Vijay Natarajan, an analyst at RHB Group, was quoted saying “These two Reits are predominately retail sector-focused and thus among the major beneficiaries of removal of Covid-related restrictions’’.
CGC-CIMB, which has an “add’’ rating on Sasseur with a target price of S$1, said it thinks the post-Covid normalisation would continue to provide Sasseur with tailwinds in the form of improved shopper traffic and tenant sales. DBS Group Research has “buy’’ calls on CLCT and Sasseur with target prices of S$1.45 and S$1.05 respectively. CLCT ended the week at S$1.12 while Sasseur closed at S$0.76.
Singapore’s growth and inflation forecasts remain largely unchanged
The latest quarterly survey of private sector economists conducted by the Monetary Authority of Singapore has shown that forecasts for Singapore’s full-year growth is 1.9%, barely changed from 1.8% in the previous survey. Core inflation is forecast to be 4.1% from 4% before, while headline inflation is forecast at 5% from 5.2% previously.
The updated expectations remain within official forecast ranges of 0.5-2.5% for growth, and 3.5-4.5% for core inflation.
SIAS met Golden Energy management, asks for exit offer to be “raised considerably’’

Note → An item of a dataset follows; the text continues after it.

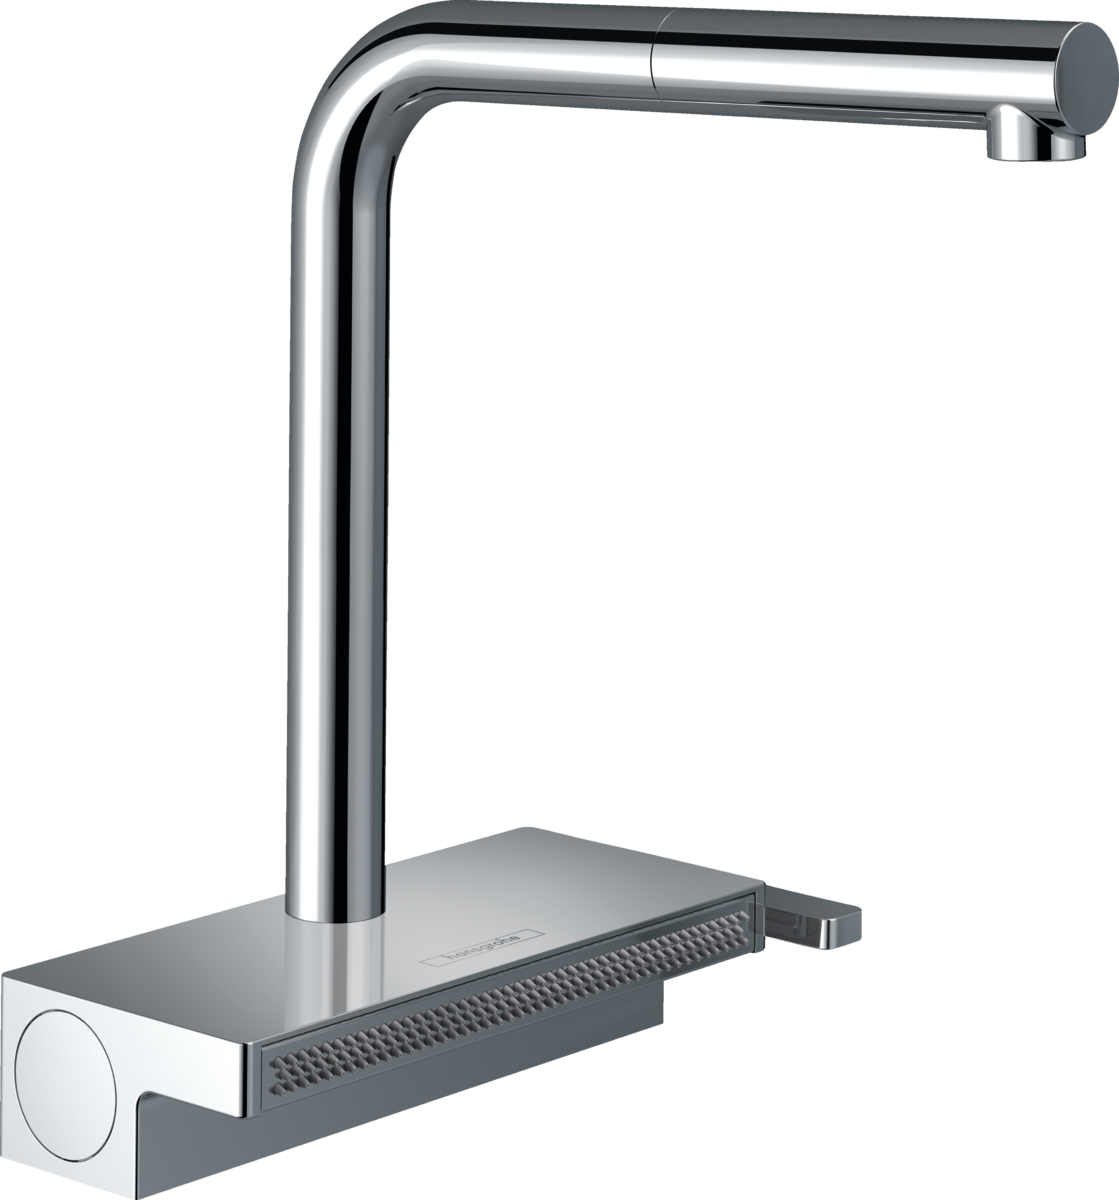 Picture of HANSGROHE Aquno Select M81 Single lever kitchen mixer 250, pull-out spout, 2jet, sBox #73830000 - Chrome

The Securities Investors Association (Singapore) or SIAS last week met with the senior management of Golden Energy and Resources (GEAR) and told them that the exit offer for GEAR must be raised considerably for progress to be made on the deal, echoing a call made originally in a 28 Feb letter to GEAR’s Board.
At the meeting, GEAR officials outlined the challenges the company is facing, including limited financing options. They also explained conditions that must be satisfied such as regulatory approvals in Indonesia and Singapore, as well as approvals from independent shareholders of GEAR’s Indonesian-listed majority shareholder Dian Swastatika Sentosa.
However, SIAS’s president and CEO David Gerald noted in a press statement that “The fact that GEAR have to go through their due process to seek approval on the conditions has nothing to do with the settlement of a fair and reasonable price’’.
In particular, Mr Gerald said GEAR shareholders strongly maintain their view that the current exit offer price of S$0.16 per share is too low because it significantly undervalues GEAR’s stake in Australia-listed Stanmore Resources.
SIAS will be organising a dialogue session between GEAR’s Board and senior management with shareholders once the offer circular is despatched.